Путешествие в Англию – 7

Однако в целом приобретенный опыт не пропал даром. Барри Уланов приводит следующие слова Дюка: «Самое важное, что подарила мне Европа, — это творческий подъем. Это помогло мне преодолеть рутину. Такие вещи дают силу двигаться вперед. Если там считают, что я такая замечательная фигура, то, может, и правда мне удалось сказать свое слово, может, наша музыка действительно что‑то значит». За два месяца, проведенных в Европе, Эллингтон привлек к себе внимание людей, занимавших весомое положение в обществе. Английская пресса посвятила ему такое количество материалов, на какое в США он и рассчитывать не мог за столь короткий период. Но самое главное, пожалуй, заключалось в том, что музыканты, журналисты из «Мелоди мейкер», а также критики, как, например, Констант Ламберт, отнеслись к нему как к выдающемуся композитору. Ламберт напишет в газете «Нью стейтсмен»: «Я не знаю у Равеля ничего, что можно было бы сравнить по изощренности с многообразными сольными эпизодами в середине бурной композиции „Hot and Bothered“, а у Стравинского — ничего сравнимого по динамичности с ее заключительным разделом». И именно эта оценка окончательно убедила Эллингтона в том, что он является — или может стать — настоящим композитором, со всеми вытекающими из этого последствиями, предопределяющими сиюминутную славу и будущее бессмертие.

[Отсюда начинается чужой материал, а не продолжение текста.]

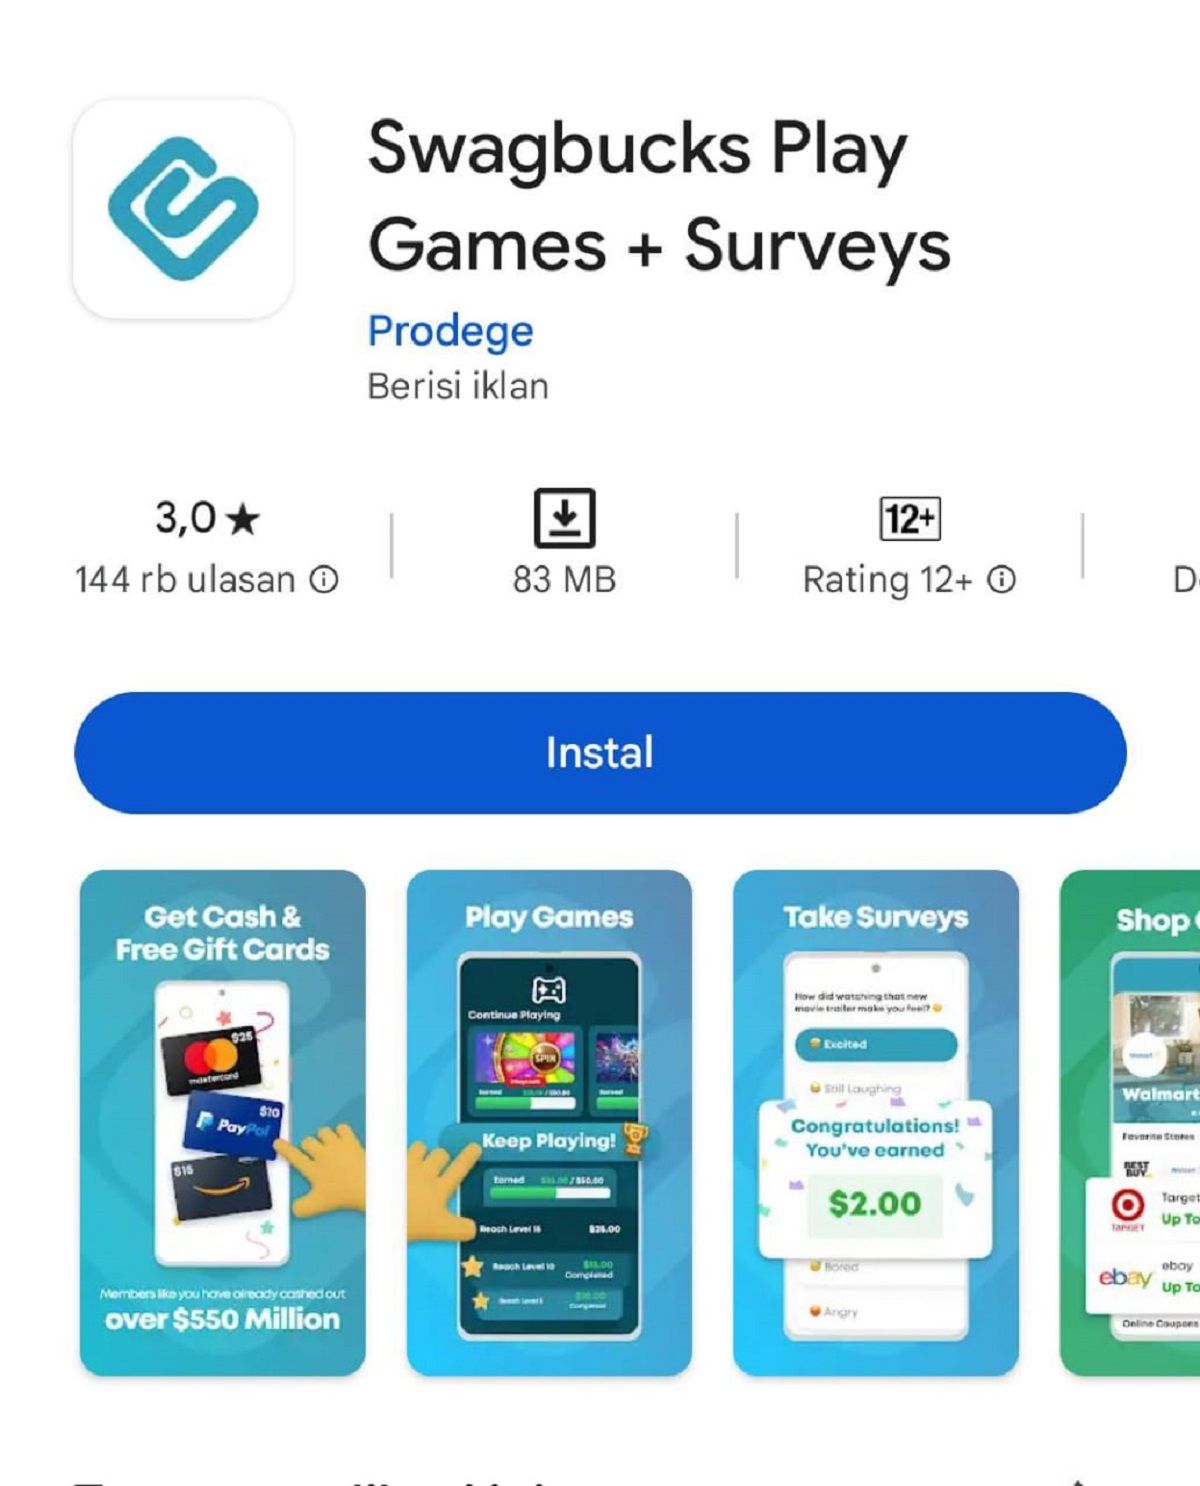 Swagbucks Play Games + Surveys/ Google Play Store

И вновь воспитание, полученное Эллингтоном, обусловило его реакцию на происходящее. Луи Армстронг, годом раньше оказавшийся в аналогичной ситуации, вырос в бедном гетто с очень жесткими нравами, где большинство жителей не умело ни читать, ни писать. Понимание искусства как особого призвания, а личности художника — как хранителя огня было ему недоступно. И когда критики твердили о его «артистической натуре» и призывали не скатываться к коммерции, он не вполне мог уразуметь, чего от него хотят.

Дюк Эллингтон, напротив, принадлежал к среднему классу, где к слову «композитор» почти автоматически прибавлялось определение «великий». Он знал — или же считал, что знает, — что такое «художник», и, если уж ему суждено было стать таковым, он сознавал, что должен соответствовать этой роли.

В значительной мере Дюк обманывал себя относительно собственного успеха в Англии. Шумиха, поднятая в печати, и восторг публики были во многом обусловлены новизной впечатления, производимого ансамблем. Европейские патроны отдавали себе в этом полный отчет и не очень‑то стремились подписать новый контракт. К тому же количество любителей джаза в Европе оставалось ничтожно малым и вряд ли превышало несколько тысяч человек, по большей части музыкантов. Более того, у представителей европейского музыкального истэблишмента, в отличие от Ламберта, ни музыка Эллингтона, ни джаз как таковой не вызывали никакого энтузиазма. На это «искусство» смотрели сверху вниз. А во Франции интеллигенция просто относилась к нему с презрением, как, впрочем, и сам Ламберт несколькими годами раньше. Ламберт, в сущности, знал о джазе гораздо меньше, чем ему казалось. Джим Годболт отмечал в своей истории британского джаза: «Что касается джаза, то сердце Ламберта, возможно, и вело его по верному пути, но в своих суждениях и оценках он недалеко ушел от любого из случайных газетных писак…»

Одно лишь остается загадкой: почему Эллингтону понадобилось признание европейцев, чтобы осознать, что его творчество находит отклик и за пределами «Коттон‑клаб». Посетители Гарлема, принадлежавшие к артистическому кругу, говорили ему об этом и раньше. Его принимали в Белом доме, приглашали с лекциями в колледжи. Значительным композитором его считали Р. Д. Даррелл, Дж. Хэммонд и другие музыковеды, причем еще за несколько лет до того, как он отправился в Англию. И тем не менее именно успех в Европе, а не в Америке придал ему уверенности в себе, и Дюк вернулся домой с намерением создавать более серьезную музыку, подобную той, что звучит в композиции «Creole Rhapsody».